Extracted material:
================
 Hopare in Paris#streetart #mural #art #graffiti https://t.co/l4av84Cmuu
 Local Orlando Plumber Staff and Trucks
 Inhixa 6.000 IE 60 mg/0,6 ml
================
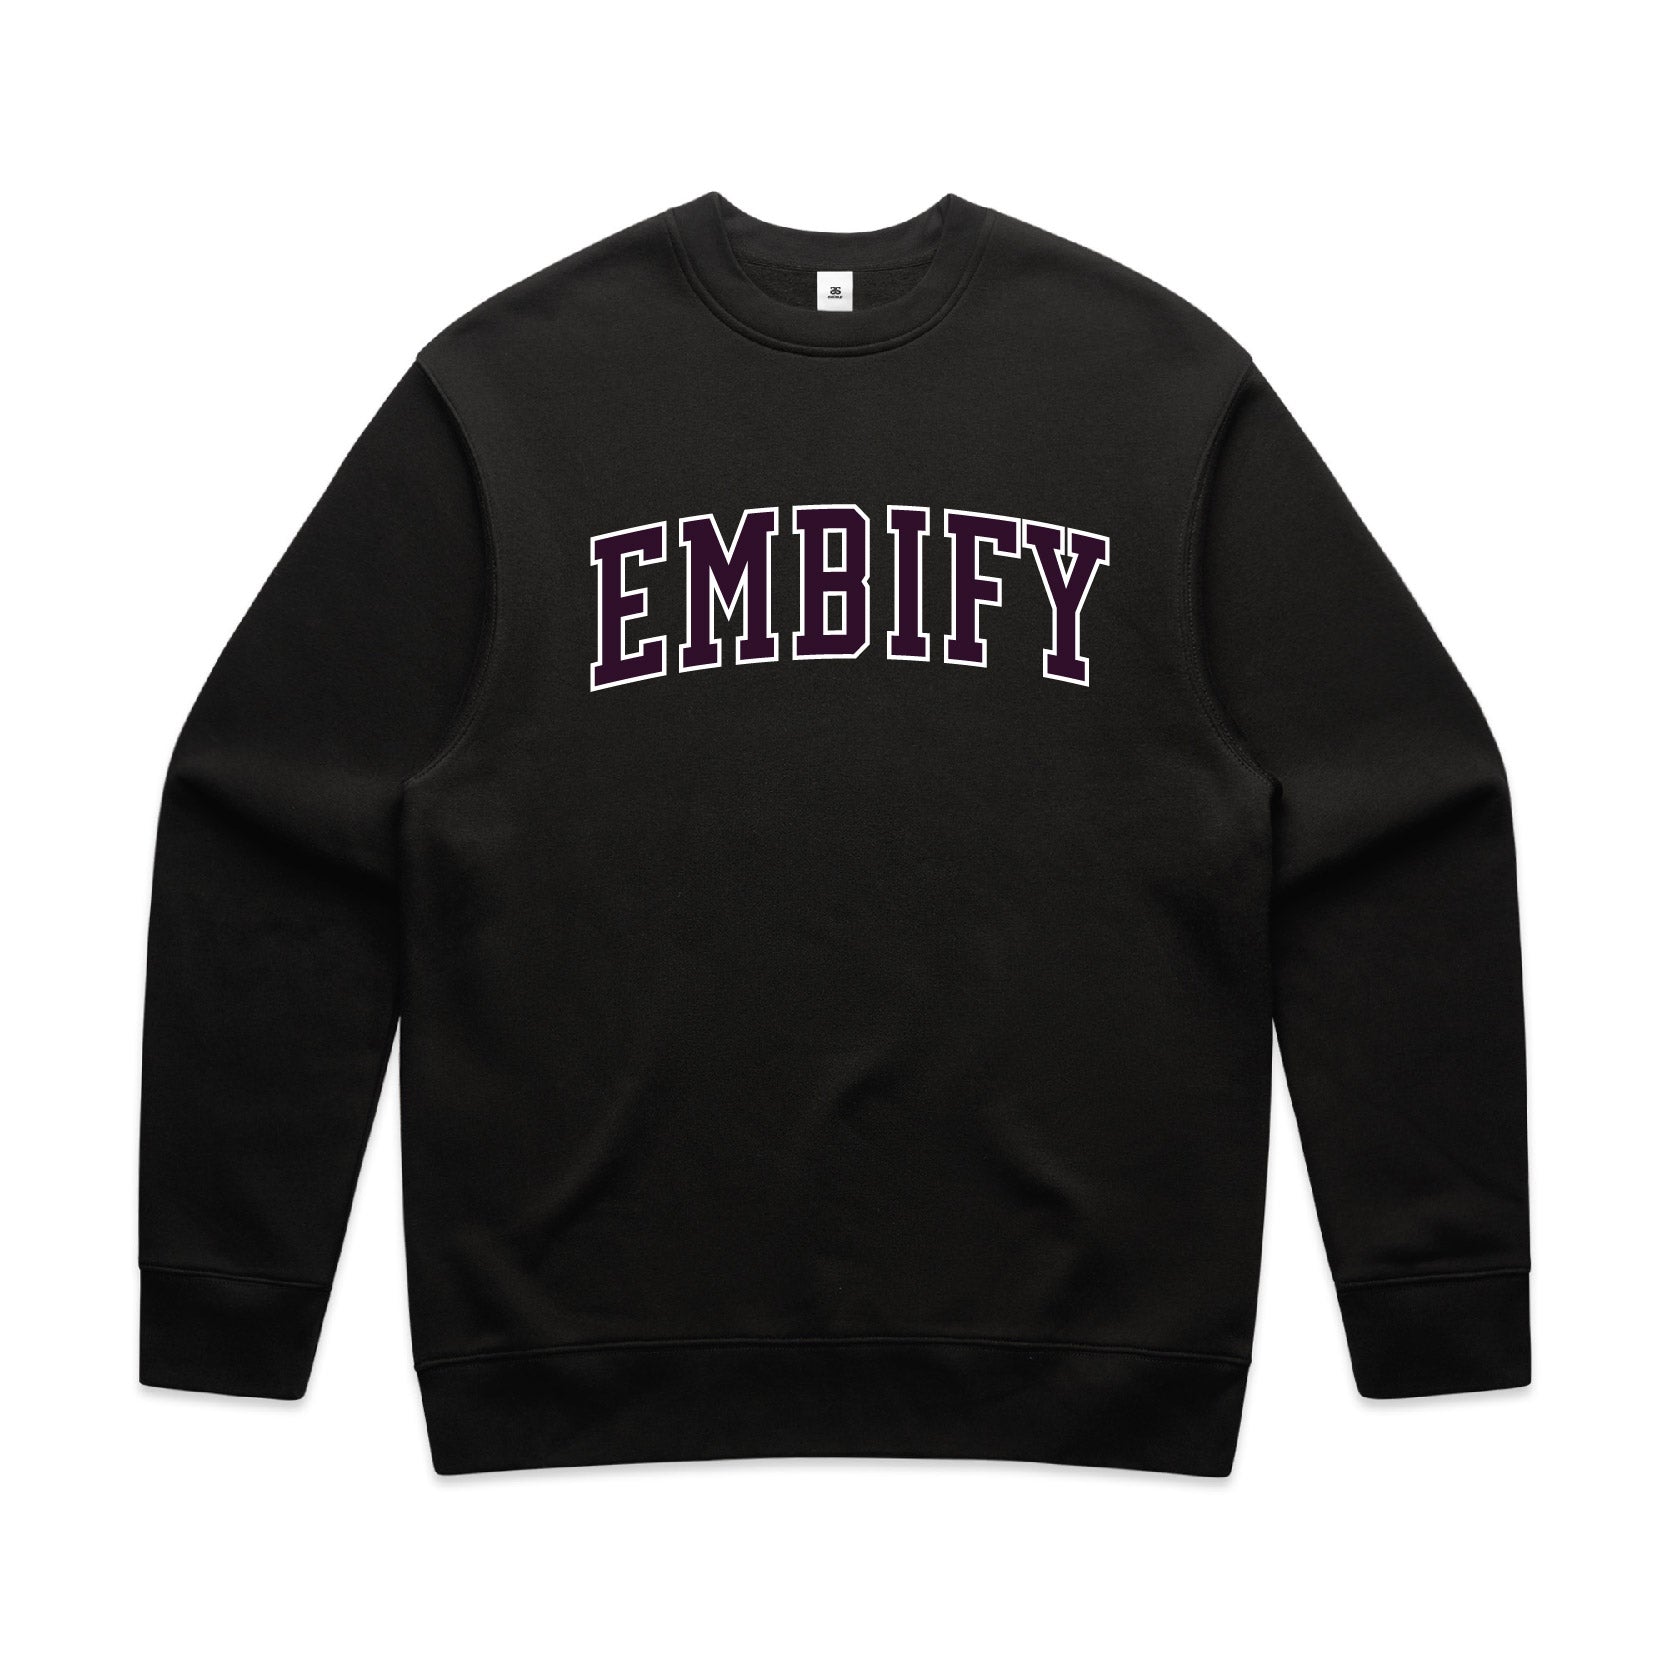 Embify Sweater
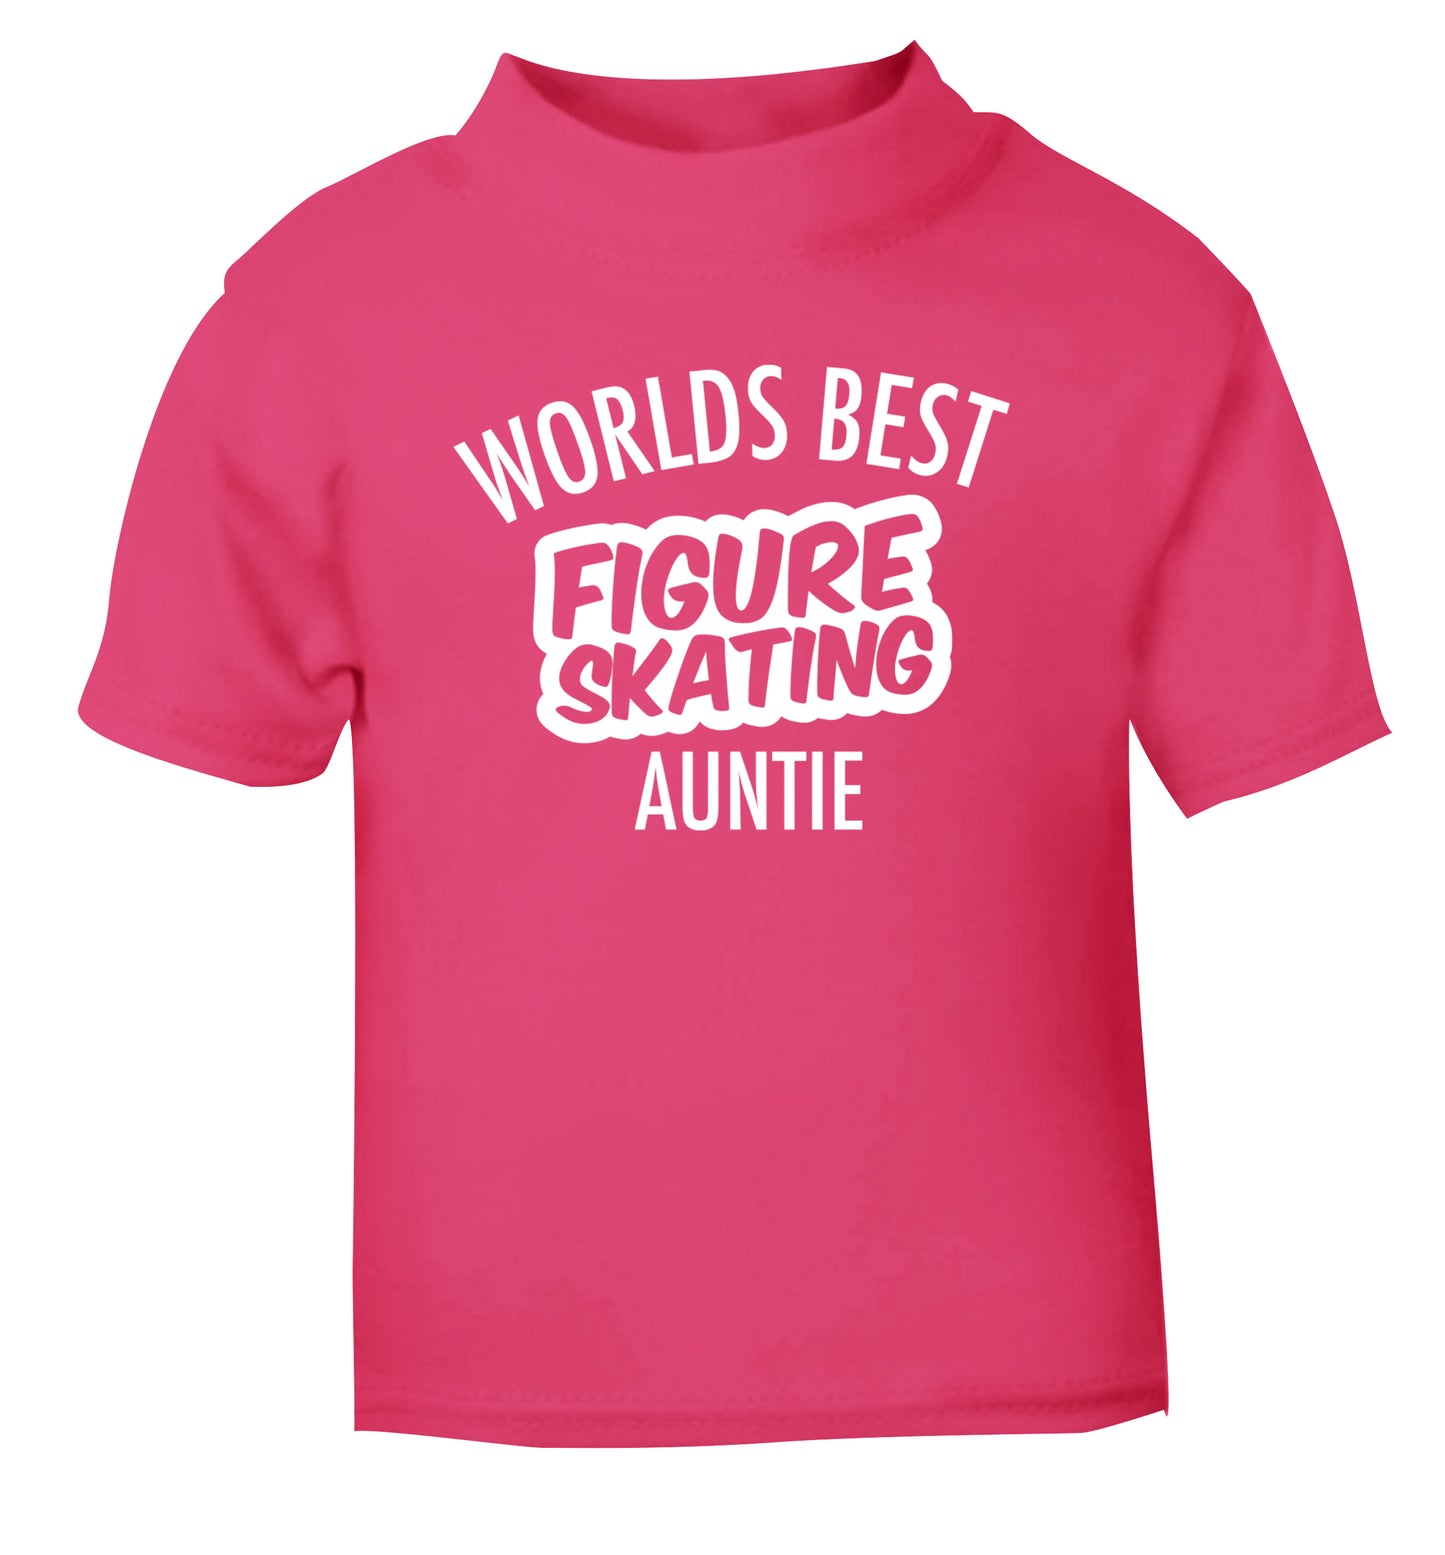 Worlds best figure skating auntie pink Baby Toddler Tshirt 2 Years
================
From the entries above, extract only the lines running from the one containing "Hopare in Paris#streetart" through the one containing "Inhixa 6.000 IE 60 mg/0,6 ml", inclusive.

Result for this task:
 Hopare in Paris#streetart #mural #art #graffiti https://t.co/l4av84Cmuu
 Local Orlando Plumber Staff and Trucks
 Inhixa 6.000 IE 60 mg/0,6 ml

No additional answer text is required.